Data below:
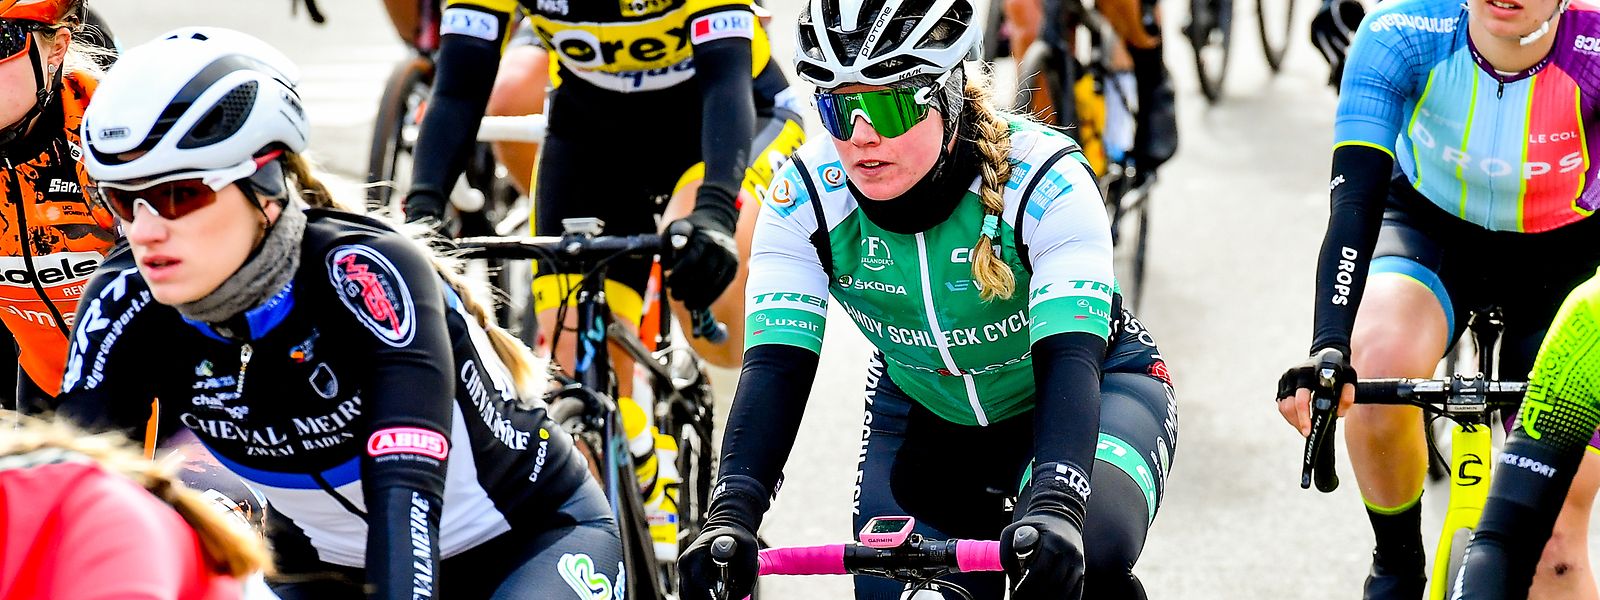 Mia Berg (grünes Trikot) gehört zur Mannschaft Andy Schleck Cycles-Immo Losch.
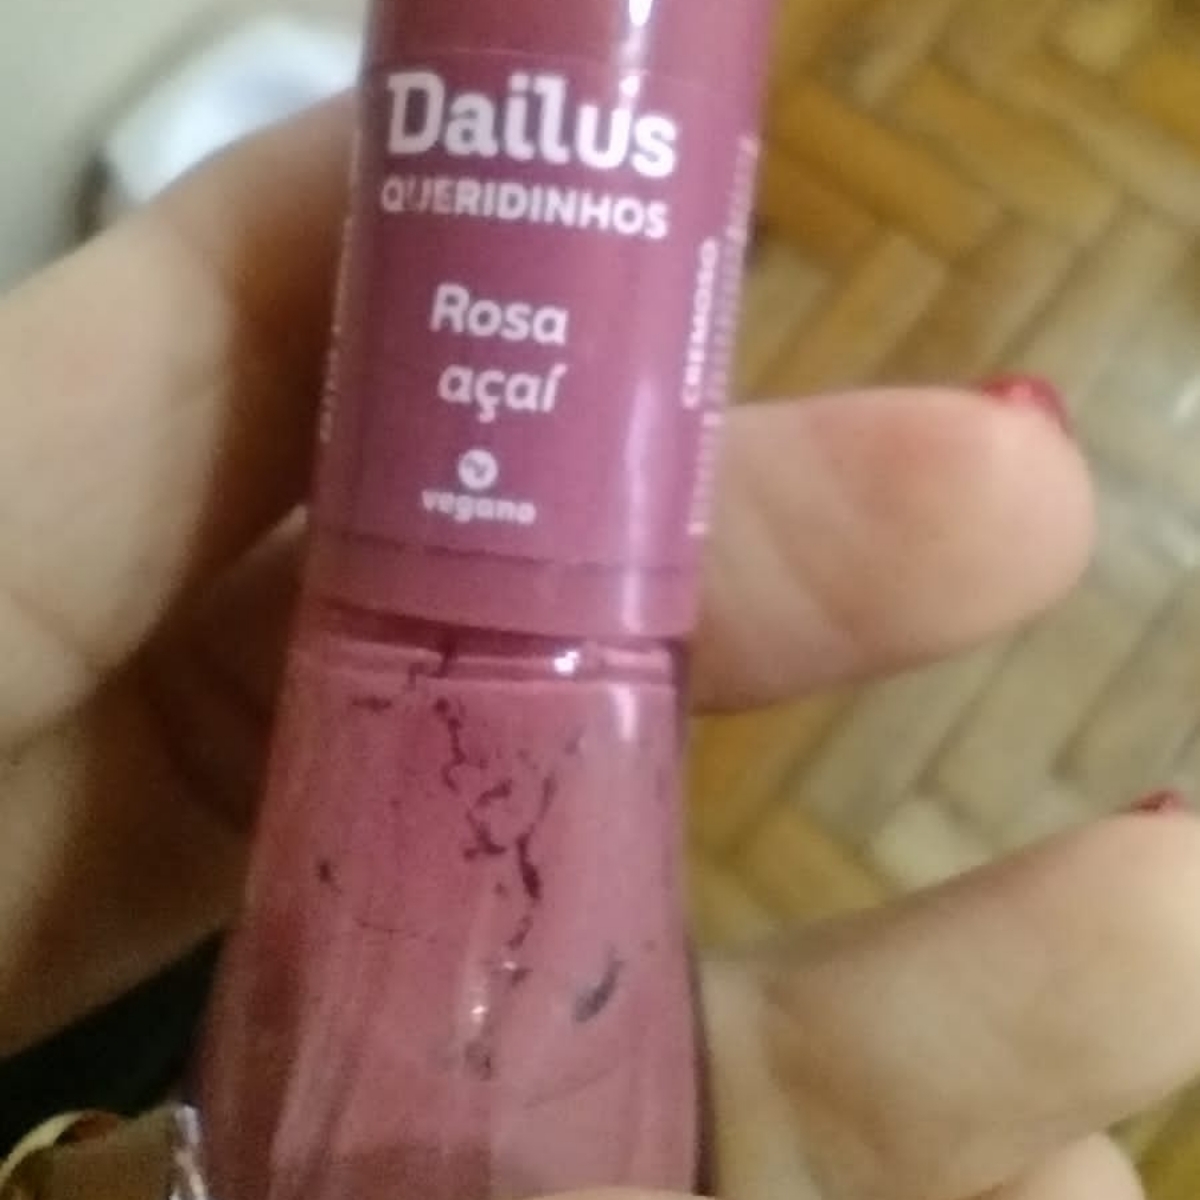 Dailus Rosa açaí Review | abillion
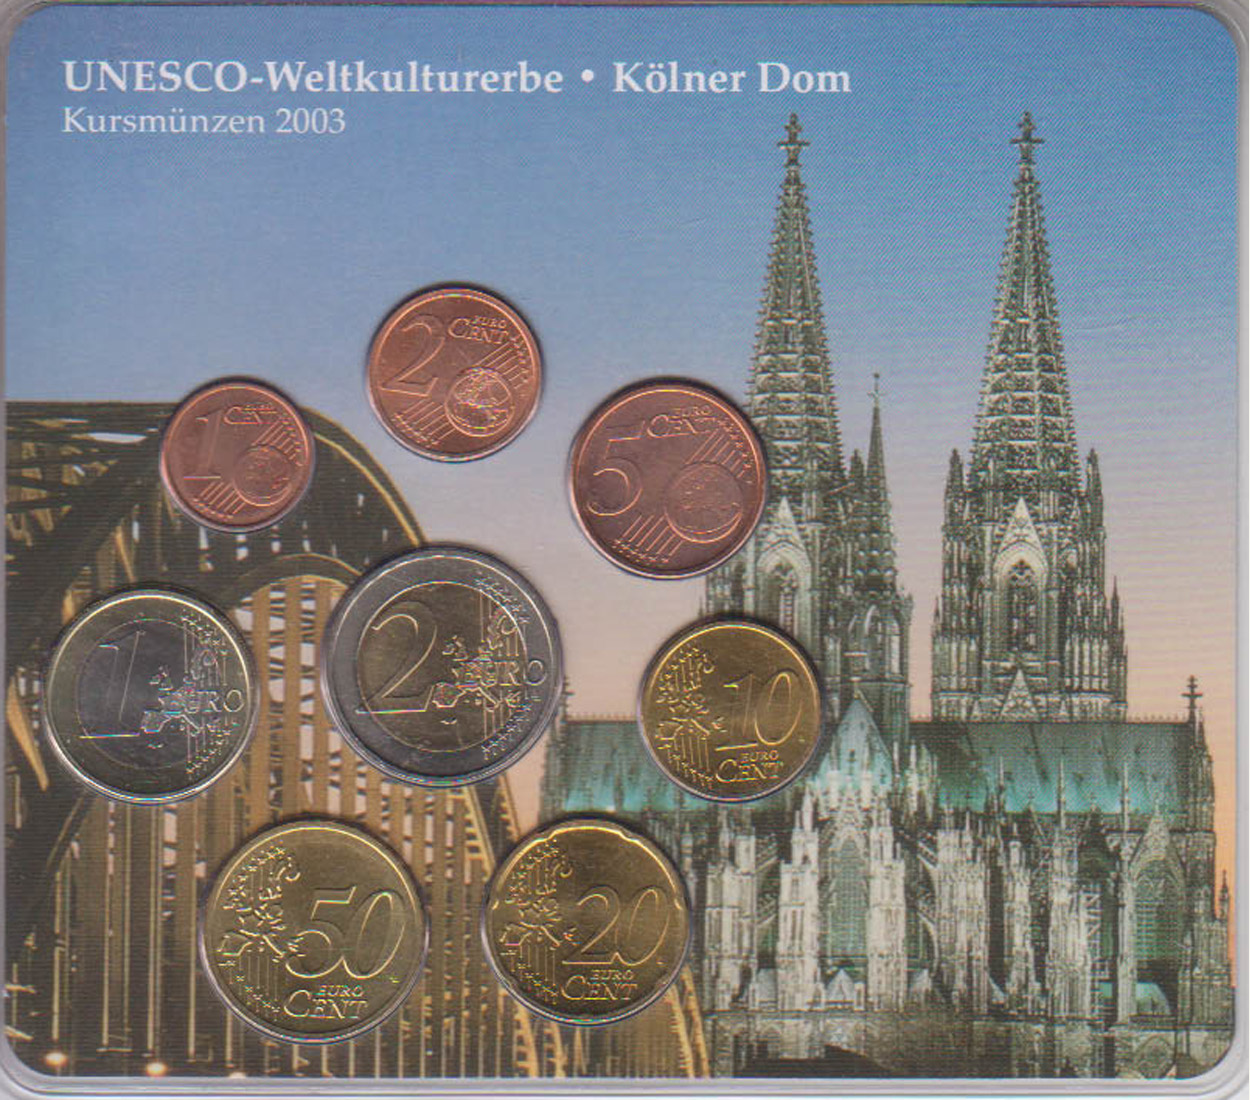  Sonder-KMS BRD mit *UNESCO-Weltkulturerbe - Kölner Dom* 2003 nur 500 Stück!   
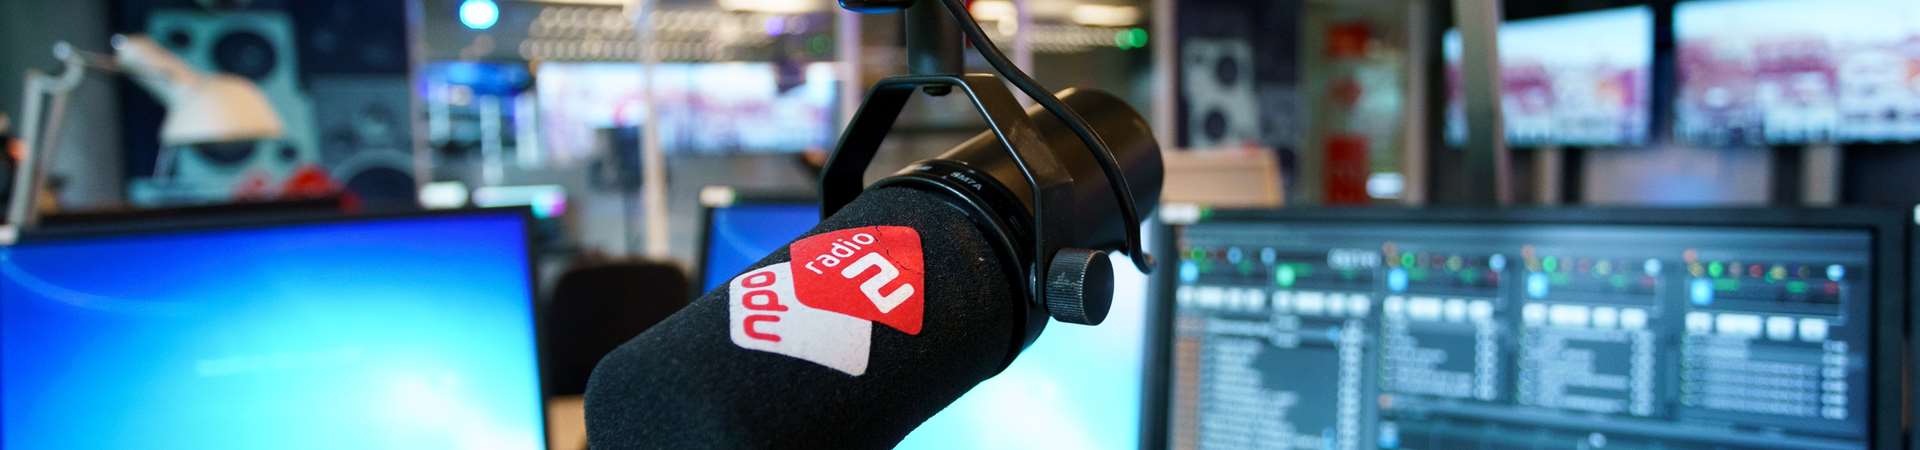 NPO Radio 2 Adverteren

Task prompt: Nothing but the lines from the one containing "Sonder-KMS BRD mit" through the last line of the listing should be copied, each word for word and without pictures.

Exercise result:
  Sonder-KMS BRD mit *UNESCO-Weltkulturerbe - Kölner Dom* 2003 nur 500 Stück!   
 NPO Radio 2 Adverteren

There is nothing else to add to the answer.